Game B (Hall, Rutt): Conceptualized by Jordan Hall and Jim Rutt, Game B proposes a necessary transition from our current "Game A"—a rivalrous, zero-sum system characterized by resource extraction, competition, and exponential growth on a finite planet. Game B is a hypothetical, anti-rivalrous social operating system designed to be "omni-win." It seeks to maximize human flourishing and coherence without relying on the growth-dependent dynamics that currently drive the "meta-crisis" (the convergence of ecological, economic, and sense-making failures).

Theory X (Parfit): Originating in moral philosophy, this is Derek Parfit’s search for the elusive "Unified Field Theory" of population ethics. Parfit struggled with the "Repugnant Conclusion"—the logical paradox suggesting a massive population of barely happy people is "better" than a small population of ecstatic people. Theory X is the placeholder for the undiscovered moral formula that would resolve these paradoxes, allowing us to ethically weigh the value of future lives without arriving at repugnant or counter-intuitive conclusions.

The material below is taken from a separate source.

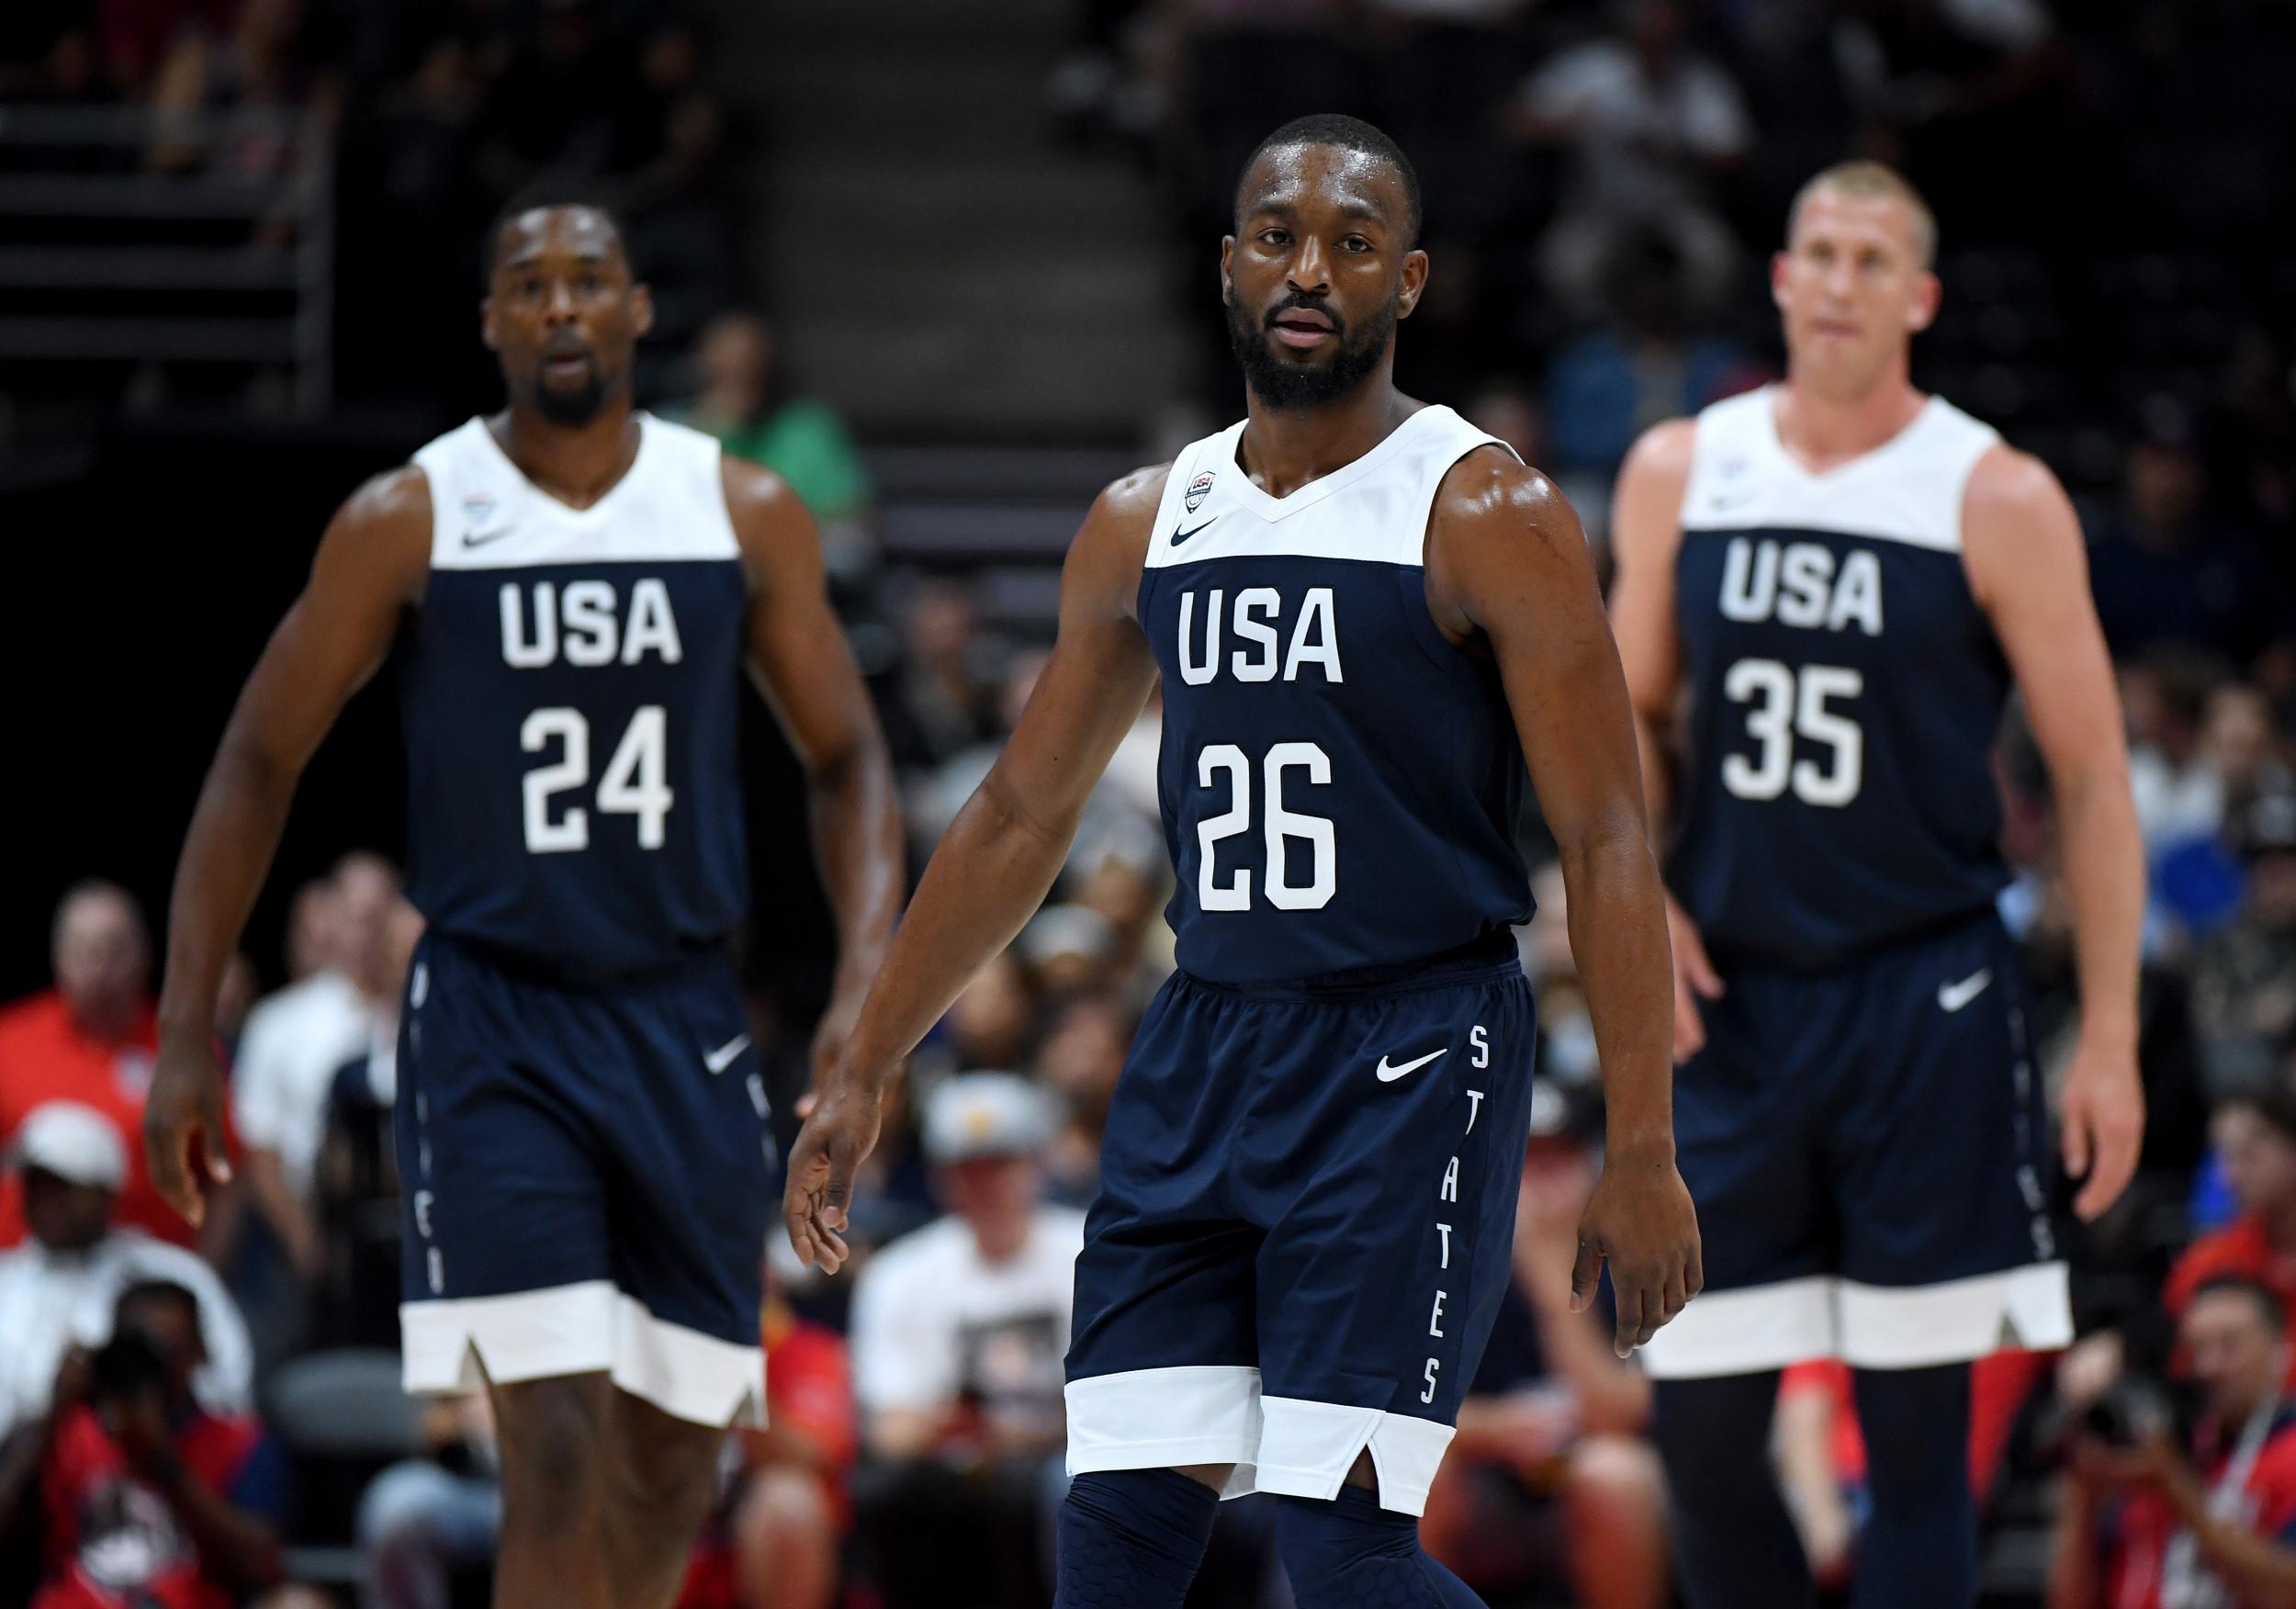 FIBA Basketball World Cup 2019 Schedule: Where to Watch Team USA vs

Cause X (MacAskill): A central concept in Effective Altruism, Cause X represents epistemic humility. It is the recognition that, just as previous generations were blind to the moral catastrophes of their time (e.g., slavery), we are likely ignoring a moral issue of overwhelming importance simply because we lack the conceptual tools to see it yet. It treats the "search for the most important problem" as a high-priority problem in itself, urging us to keep resources liquid for when this unknown cause is revealed.

High-Level Frames

Civilisation Design Criteria & Constraints (Schmachtenberger): Daniel Schmachtenberger frames civilization not as an organic accident, but as an engineering challenge governed by hard boundary conditions. This framework asserts that for any civilization to be "non-self-terminating" in the long run, it must adhere to strict constraints: it must have closed-loop material flows (no waste/pollution), anti-rivalrous incentives (where individual success does not require collective harm), and a high-fidelity information ecology. Any system that violates these constraints will inevitably succumb to entropy and collapse.

Macrosecuritisation: this concept describes the shift of the "referent object" of security from the Nation-State to Humanity or the Biosphere itself. It is the political act of framing specific systemic risks—such as unaligned AI or ecological collapse—not as problems to be managed within normal politics, but as existential threats that threaten the survival of the entire system. By establishing these threats as "macro-security" issues, it creates the legitimacy required for extraordinary measures, global coordination, and the suspension of standard sovereignty in favor of planetary governance mechanisms.